Итак, на определенном отрезке моей жизни события повседневные соединились с историческими. Точнее говоря, и те, и другие стали вдруг менять свое качество и обращаться в собственную противоположность. Эта странная диалектика возникает в тот момент, когда человека выносит на гребень исторической волны (за этой метафорой я всегда вижу скольжение на серфинге — столь же захватывающее, сколь небезопасное). Мировая история становится его личной повседневностью и, наоборот, события его частной жизни приобретают исторический характер. Как выразились бы авторы минувшего века, в такие времена реальность начинает казаться сном.
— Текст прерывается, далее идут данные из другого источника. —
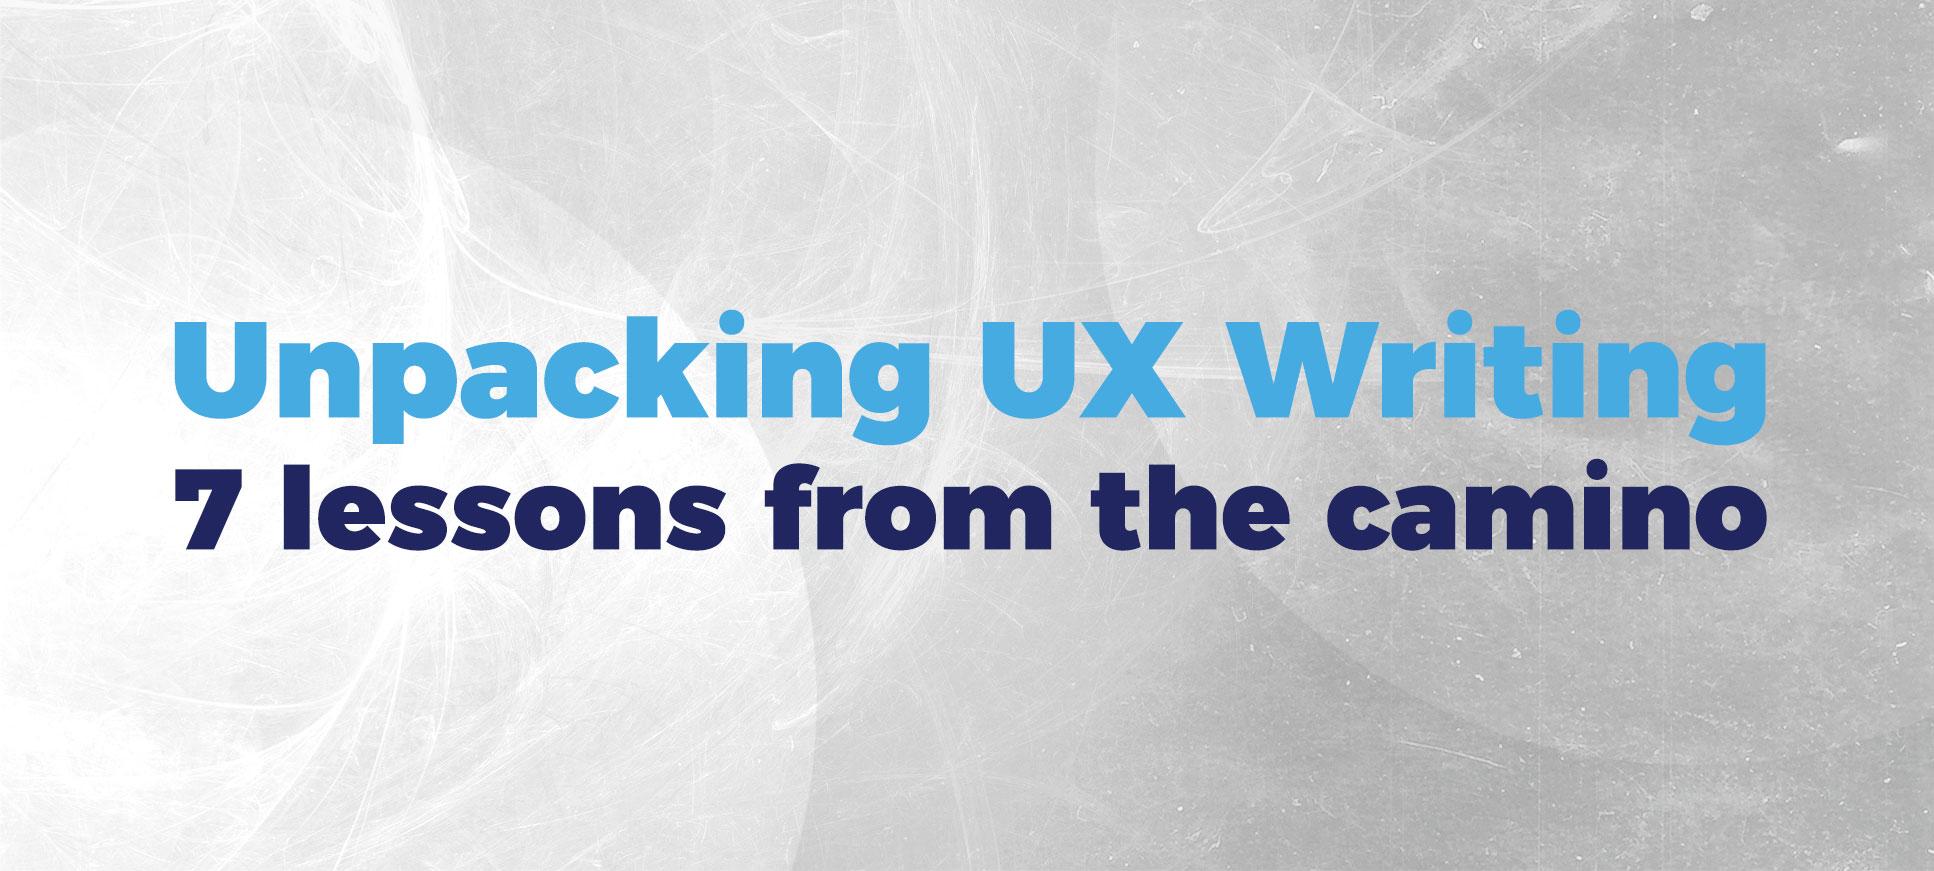 unpacking ux design-7 lessons from the camino

И это касалось не только одного меня.
В то необычное время граница между реальным и нереальным была проходима в обе стороны. Своего пика это явление достигло незадолго до Косовской войны. Простодушный ковбой и ценитель женщин, игравший в свободное время на саксофоне, взвалил на себя нелегкое бремя творить историю. Цельность его образа была почти литературной. Он мог показаться мистификацией, писательским вымыслом, персонажем эротического романа, всем, чем угодно, кроме одного: того, чем он был. Он был американским президентом.
Но этим загадки эпохи не ограничивались. Не менее примечательной личностью был его русский коллега, подорвавший здоровье неумеренным потреблением алкоголя. Большую часть времени он проводил в одной из московских клиник (наши газеты называли его русским пациентом) и давал оттуда указания тихим голосом.
Подробности сигарного скандала, наряду с медицинскими сводками из Москвы, украшали первые полосы газет. Благодаря обильно поступавшей информации широкие слои населения — от учеников младших классов до близких мне обитателей домов престарелых — могли вынести квалифицированное суждение как об оральном сексе, так и о последствиях коронарного шунтирования.
В отличие от спокойно лежавшего русского президента, американский метался в поисках выхода. Начинали раздаваться опасения, что в результате пережитых волнений американцу суждено повторить клинический путь русского коллеги. К началу войны обе стороны неожиданно выказали намерение поменяться ролями. Прежде жизнерадостный американский президент находился на пределе нервного истощения, в то время как его недужный русский коллега почувствовал себя чуть бодрее. Впрочем, полная симметрия вряд ли была здесь возможна: несмотря на подаваемые признаки жизни, оральный секс для русского президента полностью исключался. В этом отношении мировая общественность была за него спокойна.
Когда исторические события начинают напоминать вымысел, неброская фикциональность моего Ich-Erzählung не выглядит столь уж вызывающей. В какой-то степени она нейтрализует водевильную окраску действительности, напоминая о невыдуманной драме, которая разыгрывалась тогда. Фантастичность происходившего требует некоторой компенсации, если угодно, реальности, которую способна привнести только литература.